#### EXERCISE AIM
Pull every line holding the word "Images" from the data below and copy it.

-- -- --

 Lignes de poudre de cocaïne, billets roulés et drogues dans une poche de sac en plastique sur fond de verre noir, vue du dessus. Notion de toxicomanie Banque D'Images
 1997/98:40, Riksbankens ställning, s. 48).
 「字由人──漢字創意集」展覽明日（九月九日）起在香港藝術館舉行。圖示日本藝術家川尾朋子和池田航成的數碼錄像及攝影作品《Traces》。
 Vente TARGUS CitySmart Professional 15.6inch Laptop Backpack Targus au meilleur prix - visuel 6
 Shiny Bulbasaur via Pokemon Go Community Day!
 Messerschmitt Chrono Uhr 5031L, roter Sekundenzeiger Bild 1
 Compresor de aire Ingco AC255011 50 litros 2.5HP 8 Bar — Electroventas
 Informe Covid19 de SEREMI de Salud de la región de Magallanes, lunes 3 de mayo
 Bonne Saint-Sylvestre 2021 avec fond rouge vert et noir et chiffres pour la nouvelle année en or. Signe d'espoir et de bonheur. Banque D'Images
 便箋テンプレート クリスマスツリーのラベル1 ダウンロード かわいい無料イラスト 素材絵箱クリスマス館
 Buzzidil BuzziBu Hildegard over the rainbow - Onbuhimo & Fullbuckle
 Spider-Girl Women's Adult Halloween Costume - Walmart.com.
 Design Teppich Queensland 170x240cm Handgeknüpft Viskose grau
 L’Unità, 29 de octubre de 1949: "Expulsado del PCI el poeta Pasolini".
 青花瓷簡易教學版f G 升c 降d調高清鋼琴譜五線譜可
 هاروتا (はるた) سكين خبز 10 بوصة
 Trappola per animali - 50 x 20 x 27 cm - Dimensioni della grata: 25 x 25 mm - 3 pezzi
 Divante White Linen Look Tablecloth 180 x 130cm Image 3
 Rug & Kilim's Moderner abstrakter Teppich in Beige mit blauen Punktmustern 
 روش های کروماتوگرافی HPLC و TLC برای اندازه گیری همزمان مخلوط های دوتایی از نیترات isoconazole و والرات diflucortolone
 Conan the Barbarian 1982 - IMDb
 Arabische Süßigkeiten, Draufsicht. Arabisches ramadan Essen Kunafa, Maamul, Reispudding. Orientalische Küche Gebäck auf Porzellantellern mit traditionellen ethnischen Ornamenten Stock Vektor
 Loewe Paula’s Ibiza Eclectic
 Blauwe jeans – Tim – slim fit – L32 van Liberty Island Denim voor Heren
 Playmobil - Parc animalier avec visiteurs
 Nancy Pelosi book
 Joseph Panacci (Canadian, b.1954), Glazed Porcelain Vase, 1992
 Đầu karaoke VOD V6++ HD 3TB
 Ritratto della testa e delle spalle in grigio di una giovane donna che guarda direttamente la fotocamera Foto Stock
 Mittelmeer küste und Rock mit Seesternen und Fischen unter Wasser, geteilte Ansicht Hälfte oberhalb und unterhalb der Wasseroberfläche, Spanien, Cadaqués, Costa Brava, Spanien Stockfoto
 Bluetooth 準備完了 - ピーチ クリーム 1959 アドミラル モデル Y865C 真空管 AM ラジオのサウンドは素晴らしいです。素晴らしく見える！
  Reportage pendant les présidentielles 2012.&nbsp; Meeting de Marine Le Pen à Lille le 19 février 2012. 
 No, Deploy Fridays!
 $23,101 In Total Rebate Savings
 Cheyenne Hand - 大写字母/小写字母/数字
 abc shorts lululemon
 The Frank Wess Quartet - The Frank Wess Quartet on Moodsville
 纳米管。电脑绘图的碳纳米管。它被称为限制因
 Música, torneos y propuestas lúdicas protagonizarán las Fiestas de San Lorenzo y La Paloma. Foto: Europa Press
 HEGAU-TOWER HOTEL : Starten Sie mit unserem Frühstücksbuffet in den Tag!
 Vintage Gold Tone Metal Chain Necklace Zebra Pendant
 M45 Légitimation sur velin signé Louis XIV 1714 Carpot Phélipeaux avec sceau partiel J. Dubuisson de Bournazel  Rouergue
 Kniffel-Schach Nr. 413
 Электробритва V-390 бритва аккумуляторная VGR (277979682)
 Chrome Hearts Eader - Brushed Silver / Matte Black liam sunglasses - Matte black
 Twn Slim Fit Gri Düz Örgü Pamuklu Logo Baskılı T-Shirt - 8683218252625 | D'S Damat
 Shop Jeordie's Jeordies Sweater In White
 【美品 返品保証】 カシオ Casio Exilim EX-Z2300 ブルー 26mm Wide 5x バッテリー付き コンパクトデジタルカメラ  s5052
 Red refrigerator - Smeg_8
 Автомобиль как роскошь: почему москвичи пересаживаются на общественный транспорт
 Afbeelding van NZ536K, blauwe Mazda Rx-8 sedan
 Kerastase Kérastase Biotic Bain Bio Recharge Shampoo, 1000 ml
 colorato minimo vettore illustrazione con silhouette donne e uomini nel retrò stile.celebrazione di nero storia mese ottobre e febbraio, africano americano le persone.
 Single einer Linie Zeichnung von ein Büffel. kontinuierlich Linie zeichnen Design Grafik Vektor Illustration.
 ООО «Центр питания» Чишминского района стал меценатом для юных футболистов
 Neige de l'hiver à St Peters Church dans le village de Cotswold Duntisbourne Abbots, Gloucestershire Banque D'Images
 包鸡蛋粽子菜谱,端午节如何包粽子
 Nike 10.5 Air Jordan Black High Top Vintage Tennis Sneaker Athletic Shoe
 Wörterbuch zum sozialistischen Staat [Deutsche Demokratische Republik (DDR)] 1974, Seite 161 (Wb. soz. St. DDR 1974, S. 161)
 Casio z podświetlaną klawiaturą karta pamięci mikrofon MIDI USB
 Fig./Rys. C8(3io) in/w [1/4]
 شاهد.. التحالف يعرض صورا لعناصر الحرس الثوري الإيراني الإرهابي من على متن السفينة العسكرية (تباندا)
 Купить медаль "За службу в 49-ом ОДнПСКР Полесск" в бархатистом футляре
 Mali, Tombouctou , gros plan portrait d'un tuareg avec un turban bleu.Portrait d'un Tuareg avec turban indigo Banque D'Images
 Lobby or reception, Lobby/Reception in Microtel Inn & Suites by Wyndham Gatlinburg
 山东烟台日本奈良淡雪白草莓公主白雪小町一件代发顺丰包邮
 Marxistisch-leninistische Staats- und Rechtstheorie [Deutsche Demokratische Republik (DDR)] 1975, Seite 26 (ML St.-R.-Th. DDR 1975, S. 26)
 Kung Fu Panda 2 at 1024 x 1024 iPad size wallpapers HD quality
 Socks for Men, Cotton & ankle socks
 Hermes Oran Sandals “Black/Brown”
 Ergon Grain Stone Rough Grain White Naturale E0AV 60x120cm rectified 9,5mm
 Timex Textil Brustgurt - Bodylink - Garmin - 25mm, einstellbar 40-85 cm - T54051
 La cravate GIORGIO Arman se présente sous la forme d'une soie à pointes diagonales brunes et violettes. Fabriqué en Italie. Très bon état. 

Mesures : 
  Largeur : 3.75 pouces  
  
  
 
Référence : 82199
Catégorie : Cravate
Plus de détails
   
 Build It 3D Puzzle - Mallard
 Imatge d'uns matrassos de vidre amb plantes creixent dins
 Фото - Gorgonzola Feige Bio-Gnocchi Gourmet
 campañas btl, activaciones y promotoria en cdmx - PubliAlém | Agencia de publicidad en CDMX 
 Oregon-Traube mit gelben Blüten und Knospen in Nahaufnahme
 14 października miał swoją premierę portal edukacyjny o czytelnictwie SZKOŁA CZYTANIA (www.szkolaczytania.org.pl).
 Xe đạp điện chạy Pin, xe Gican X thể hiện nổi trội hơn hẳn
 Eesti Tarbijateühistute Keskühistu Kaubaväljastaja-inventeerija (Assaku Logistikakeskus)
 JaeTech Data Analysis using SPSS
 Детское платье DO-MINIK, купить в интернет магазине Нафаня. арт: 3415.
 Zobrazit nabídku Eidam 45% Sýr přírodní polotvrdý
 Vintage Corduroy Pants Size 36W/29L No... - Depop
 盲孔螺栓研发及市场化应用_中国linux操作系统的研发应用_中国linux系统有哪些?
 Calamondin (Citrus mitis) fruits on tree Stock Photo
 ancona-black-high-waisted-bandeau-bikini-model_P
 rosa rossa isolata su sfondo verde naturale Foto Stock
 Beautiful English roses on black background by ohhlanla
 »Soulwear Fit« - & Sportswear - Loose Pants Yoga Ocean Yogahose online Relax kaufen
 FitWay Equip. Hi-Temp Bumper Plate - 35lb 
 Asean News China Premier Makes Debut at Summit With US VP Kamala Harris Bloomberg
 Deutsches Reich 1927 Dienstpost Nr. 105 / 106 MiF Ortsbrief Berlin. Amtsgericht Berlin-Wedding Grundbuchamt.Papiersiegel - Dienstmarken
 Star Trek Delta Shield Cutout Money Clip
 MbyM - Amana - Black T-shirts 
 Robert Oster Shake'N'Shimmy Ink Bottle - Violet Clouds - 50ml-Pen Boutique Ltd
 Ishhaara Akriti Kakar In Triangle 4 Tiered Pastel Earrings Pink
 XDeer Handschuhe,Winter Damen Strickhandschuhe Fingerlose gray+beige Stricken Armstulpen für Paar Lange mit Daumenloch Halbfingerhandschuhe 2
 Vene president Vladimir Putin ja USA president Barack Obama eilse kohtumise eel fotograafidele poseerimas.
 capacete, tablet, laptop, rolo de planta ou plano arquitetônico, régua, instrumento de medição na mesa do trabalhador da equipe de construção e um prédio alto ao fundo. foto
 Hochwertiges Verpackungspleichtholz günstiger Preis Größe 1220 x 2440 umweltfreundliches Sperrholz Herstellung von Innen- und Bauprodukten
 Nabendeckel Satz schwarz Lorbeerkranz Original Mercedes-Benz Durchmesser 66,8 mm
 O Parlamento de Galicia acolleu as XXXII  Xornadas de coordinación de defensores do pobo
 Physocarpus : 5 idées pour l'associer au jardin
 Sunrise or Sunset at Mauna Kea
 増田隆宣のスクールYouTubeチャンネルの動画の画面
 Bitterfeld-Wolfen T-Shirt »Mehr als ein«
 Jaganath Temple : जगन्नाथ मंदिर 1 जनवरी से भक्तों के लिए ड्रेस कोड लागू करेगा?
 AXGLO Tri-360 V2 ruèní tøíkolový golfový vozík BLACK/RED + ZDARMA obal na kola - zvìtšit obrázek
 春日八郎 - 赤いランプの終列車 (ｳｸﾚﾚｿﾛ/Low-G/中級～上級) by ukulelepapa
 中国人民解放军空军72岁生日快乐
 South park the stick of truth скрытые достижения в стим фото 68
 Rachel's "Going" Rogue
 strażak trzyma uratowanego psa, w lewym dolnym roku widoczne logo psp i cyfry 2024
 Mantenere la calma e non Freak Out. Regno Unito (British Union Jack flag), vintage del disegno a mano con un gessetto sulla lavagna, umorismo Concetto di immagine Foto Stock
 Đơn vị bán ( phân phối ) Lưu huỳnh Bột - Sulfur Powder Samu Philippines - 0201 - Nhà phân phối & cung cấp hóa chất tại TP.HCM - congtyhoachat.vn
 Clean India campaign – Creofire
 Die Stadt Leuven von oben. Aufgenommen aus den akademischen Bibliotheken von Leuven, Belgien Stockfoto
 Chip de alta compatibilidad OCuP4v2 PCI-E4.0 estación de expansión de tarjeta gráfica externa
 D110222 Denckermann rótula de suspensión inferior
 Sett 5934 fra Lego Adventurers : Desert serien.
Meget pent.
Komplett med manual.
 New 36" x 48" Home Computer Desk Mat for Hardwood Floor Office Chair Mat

-- -- --

#### EXERCISE RESPONSE
 Lignes de poudre de cocaïne, billets roulés et drogues dans une poche de sac en plastique sur fond de verre noir, vue du dessus. Notion de toxicomanie Banque D'Images
 Bonne Saint-Sylvestre 2021 avec fond rouge vert et noir et chiffres pour la nouvelle année en or. Signe d'espoir et de bonheur. Banque D'Images
 Neige de l'hiver à St Peters Church dans le village de Cotswold Duntisbourne Abbots, Gloucestershire Banque D'Images
 Mali, Tombouctou , gros plan portrait d'un tuareg avec un turban bleu.Portrait d'un Tuareg avec turban indigo Banque D'Images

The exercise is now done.